# my new to me 1956 fastwin 15 restoration



## levip (Dec 4, 2010)

heres what it looked like when i picked it up:








i got it for 20 bux had to drive a ways to pick it up but it think it was worth it 
the guy told me it ran but he messed with the points and it quit and he got disgusted with it 
i got it home and tore into it 
i took the lower unit off first and TRIED to open the lower unit housing all three screw rung off and the housing was still stuck tried to drill out the bolt and ended up goring up the housing i got it off by drilling 2 holes in the top and running some screws into the holes pressing the housing off using the wear plate
this is what i found: and then i didnt feel so bad about f'n up the housing getting it off









looks like he ran more sand than water through the water pump ordered new waterpump kit pn#382468

also i ordered a tune up kit pn#172522
, 2 new coils pn#584477,a powerhead baffle kit pn#377070,carb kit w/float pn#439071, and a new crankshaft seal pn#303804(they tend to go bad without the baffle and there wasnt a baffle on this motor)
so here i sit bored waiting on parts and i figured id give you guys an update


----------



## cal1320 (Jun 6, 2007)

I have a 56 7.5hp.
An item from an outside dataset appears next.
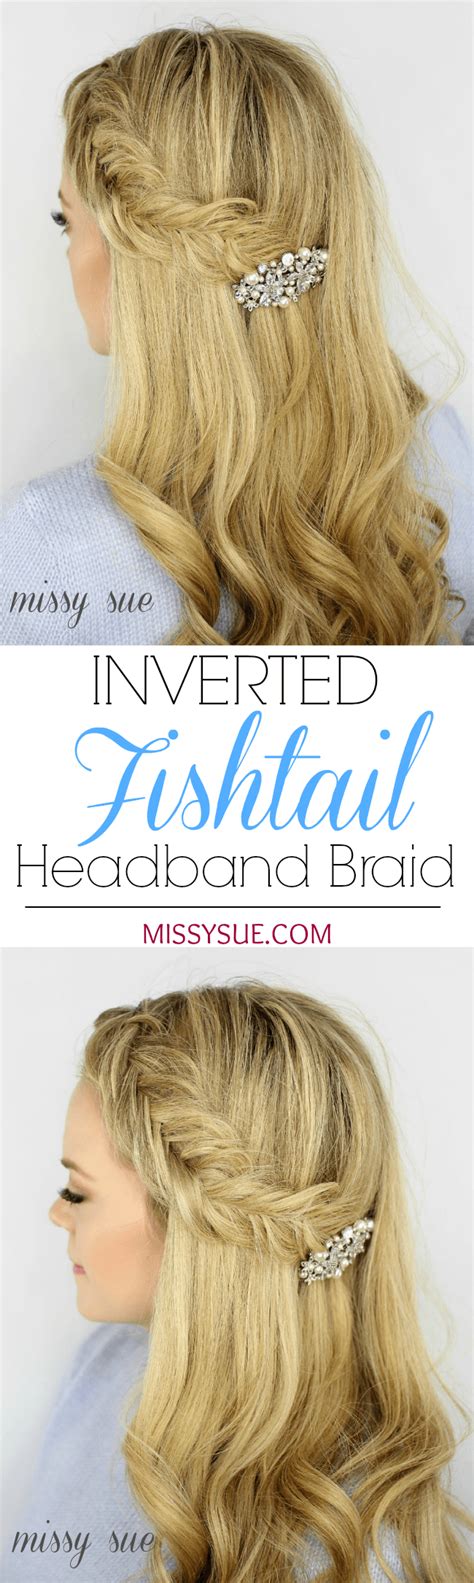 Dutch Fishtail Headband Braid

These take a pressurized tank as they have no fuel pump. There is some info on the web about how to add a pump though. They are nice running motors, but heavy.


----------



## levip (Dec 4, 2010)

i have two - a 5.5 and a 15 both '56's i love em i was trying to see if anyone was interested in a redo of one of these and i guess noone is ...... both of mine have fuel pumps
gotta wonder how they compare inweight to one of these new four strokes - id be willing to bet my 15 is lighter than a new four stroke


----------



## cal1320 (Jun 6, 2007)

Redo it and post some pics. I dont know how they compare weight wise to a newer 4 stroker. The older motors were rated at the crankshaft while the newer motors are rated at the prop.


----------